Raisa Gorbachov dies

MOSCOW -- Raisa Maksimovna Gorbachev, who broke Kremlin tradition by sharing the spotlight with her husband, the former Soviet President Mikhail S. Gorbachev, and did so with bold self-assurance and flair, died today in Munster, Germany on September 20, 1999. She was 67.

The cause was leukemia, aides to Mr. Gorbachev said. She had been under treatment in University Hospital in Munster since late July.
Raisa Gorbachov

Mr. Gorbachev's rise to the leadership of the Communist Party in 1985 was the first sign of a seismic shift in the Soviet Union's calcified politics and economy. But it was Raisa Gorbachev who, both at home and abroad, soon came to embody the changes to come. She emerged as a First Lady who had her own mind, her own style and according to reports of a secret videotape that circulated after one of her foreign trips, her own American Express card.

None of this endeared her to the Soviet public, who began to grumble early in her husband's tenure that she was too pushy, too flashy and too influential.
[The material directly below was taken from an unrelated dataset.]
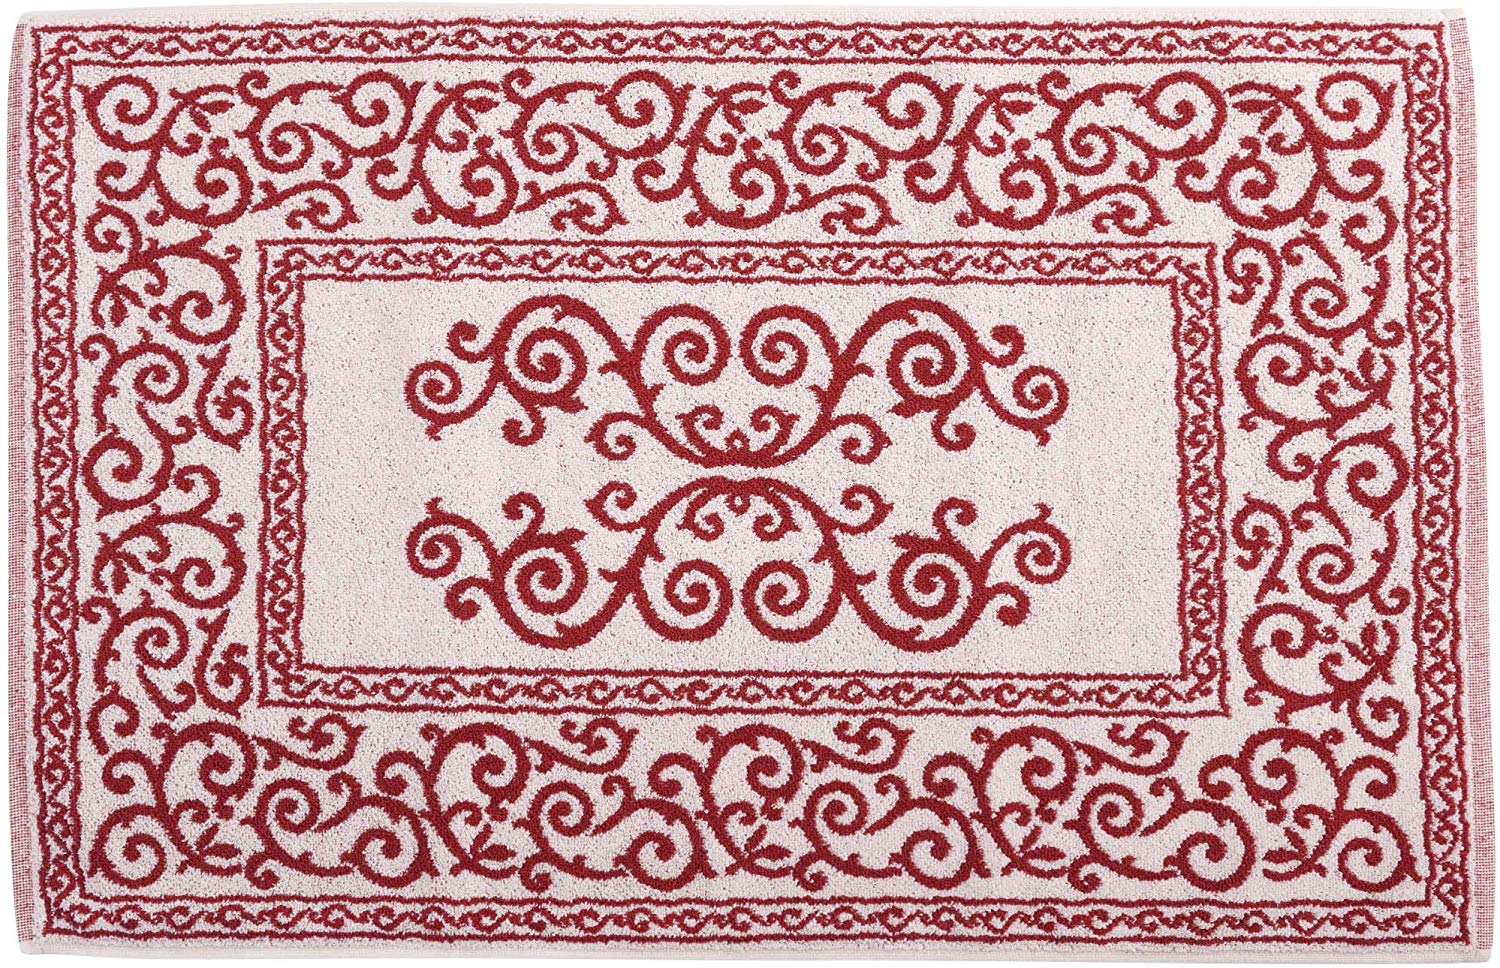 Tappeto Bagno in Cotone con Elegante Decorazione Floreale Colorata

Her appearances on foreign trips and her cultural projects at home stirred debate in many Russian kitchens over whether the proper place for Kremlin wives was -- as it had always been -- at home, or at least in the background.
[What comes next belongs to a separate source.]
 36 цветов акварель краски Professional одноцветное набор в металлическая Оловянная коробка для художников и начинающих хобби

But since the beginning of this month, when Russians first learned that their former First Lady had been hospitalized in Germany with an advanced and rare case of leukemia, sentiments toward her in Russia began to shift. Favorable articles began to appear in the press, and thousands of letters and telegrams of sympathy arrived at the hospital in Münster, where her husband kept a faithful vigil that touched many Russian hearts.
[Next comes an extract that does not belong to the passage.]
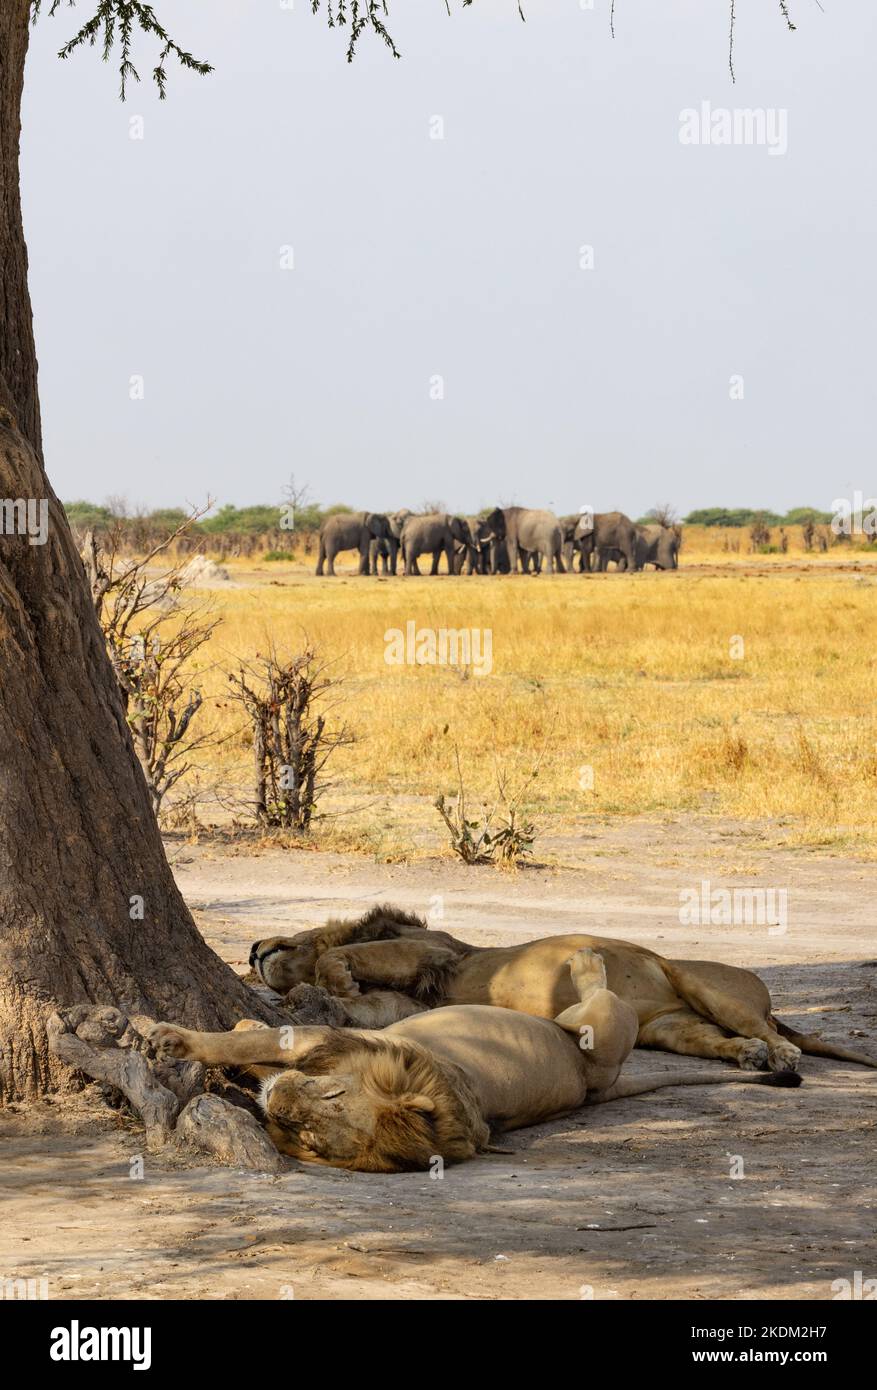 Scène des animaux d'Afrique; deux lions mâles se reposant sous un arbre, avec des éléphants en arrière-plan; parc national de Chobe, Botswana Afrique. Paysage africain. Banque D'Images

"It must be in the Russian character -- to run somebody into the mud, and them laud them to high heavens after a tragedy strikes," said Vladimir Polyakov, a Gorbachev spokesman.

President Boris N. Yeltsin, Mr. Gorbachev's bitter rival in the early 1990's, sent a message of condolence today, and in a statement he said that a "wonderful person, a beautiful woman, a loving wife and mother is no longer with us."

In his autobiography, published in 1996, Mr. Gorbachev acknowledged that the resentment over his wife's high profile surfaced in letters written to the Communist Party's Central Committee. "Who does she think she is, a member of the Politburo?" he quoted one as saying. "The simplest answer would have been: 'No, she is my wife.' "

She first became known in the West in 1984 when she accompanied her husband, then a ranking member of the Soviet Politburo, to Britain, where they were received by Prime Minister Margaret Thatcher. Diplomats and reporters, scanning the couple for clues about the next generation of Soviet leaders, quickly focused up on her wardrobe -- in particular her gold lamé sandals with chain straps, a far cry from the dowdy shoes worn by other Kremlin wives. On a later trip to France, the French press labeled her clothes "elegant, but not chic."

On her foreign travels, she also became known for a haughty conversational style that bordered on the pedantic. During the 1986 summit meeting in Reykjavik, Iceland, she needled her tour guides with persistent questioning, adding didactic commentary of her own. Visiting the United States for the first time in 1987, she irked Nancy Reagan with lectures on subjects ranging from architecture to socialism, reportedly prompting the American President's wife to quip, "Who does that dame think she is?"